2026-01-25 00:56:33
I saw a post on X recently that said
Bill Gates is closer to you in wealth than he is to Elon Musk. Mind blown.
For round numbers, let’s say Elon Musk’s net worth is 800 billion and Bill Gates’ net worth is 100 billion. So if your net worth is less 450 billion, the statement in the post is true.
The reason the statement above is mind blowing is that in this context you naturally think on a logarithmic scale, even if you don’t know what a logarithm is.
Or to put it another way, we think in terms of orders of magnitude. Musk’s net worth is an order of magnitude greater than Gates’, and Gates’ net worth would be an order of magnitude greater than that of someone worth 10 billion. Musk is a notch above Gates, and Gates is a notch above someone with a net worth around 10 billion, where a “notch” is an order of magnitude.
To put it another way, we think in terms of geometric mean √ab rather than arithmetic mean (a + b)/2 in this context. 100 billion is the geometric mean between 12.5 billion and 800 billion. Geometric mean corresponds to the arithmetic mean on a log scale.
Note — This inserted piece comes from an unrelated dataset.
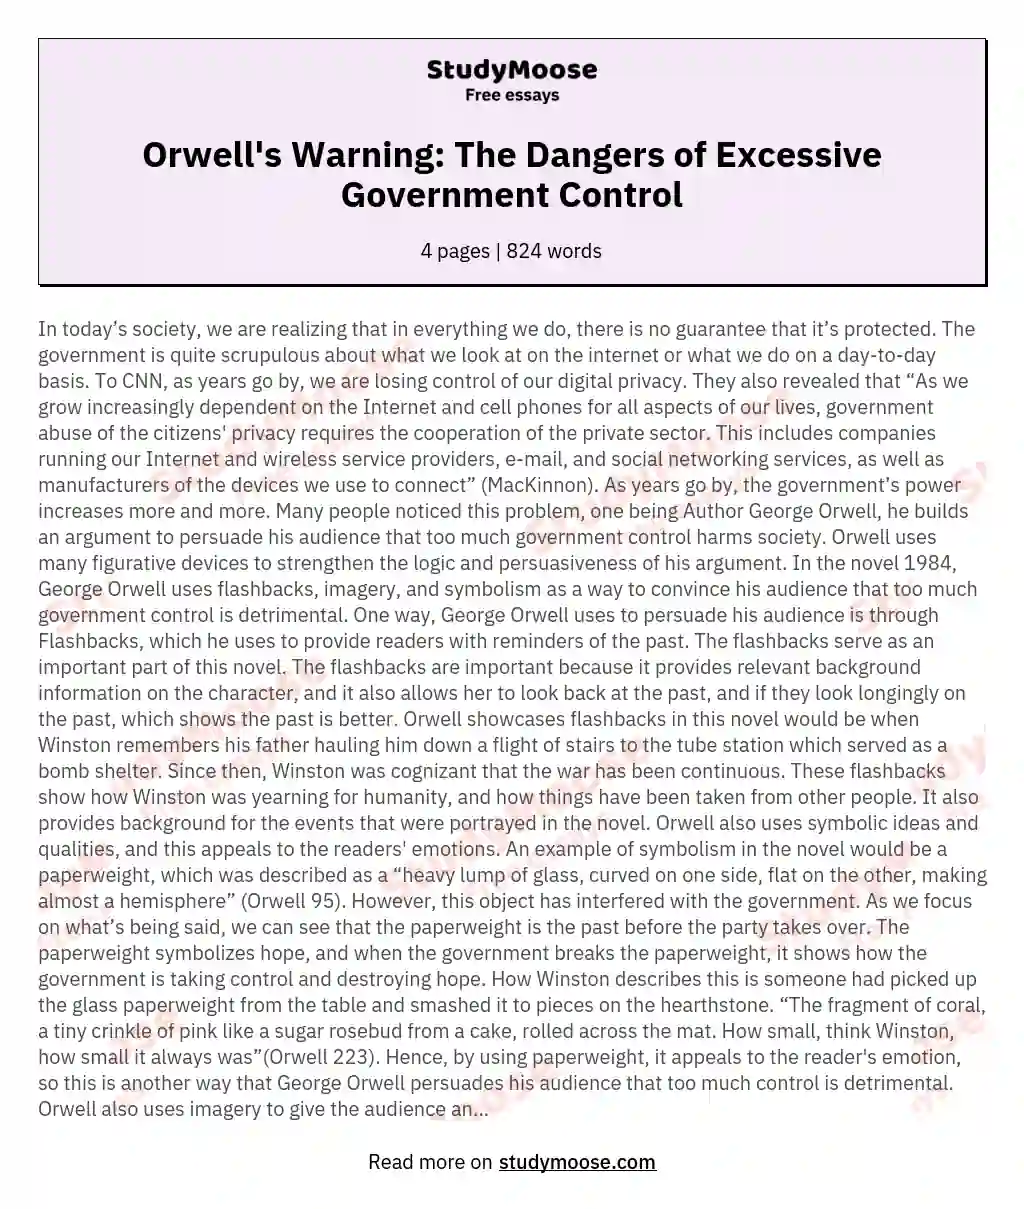 Orwell's Warning: The Dangers of Excessive Government Control essay

And on this scale, Gates is closer to Musk than you are, unless you’re worth more than 12.5 billion.
Here are three more examples of geometric means.
The size of Jupiter is about midway between that of earth and the sun; it’s the geometric mean. On a linear scale Jupiter is much closer to the size of the earth than the sun, but on a logarithmic scale it’s about in the middle. More on that here.
The tritone (augmented fourth) is half an octave. So, for example, an F# is in the middle between a C and the C an octave higher. Its frequency is the geometric mean of the frequencies of the two C’s. More here.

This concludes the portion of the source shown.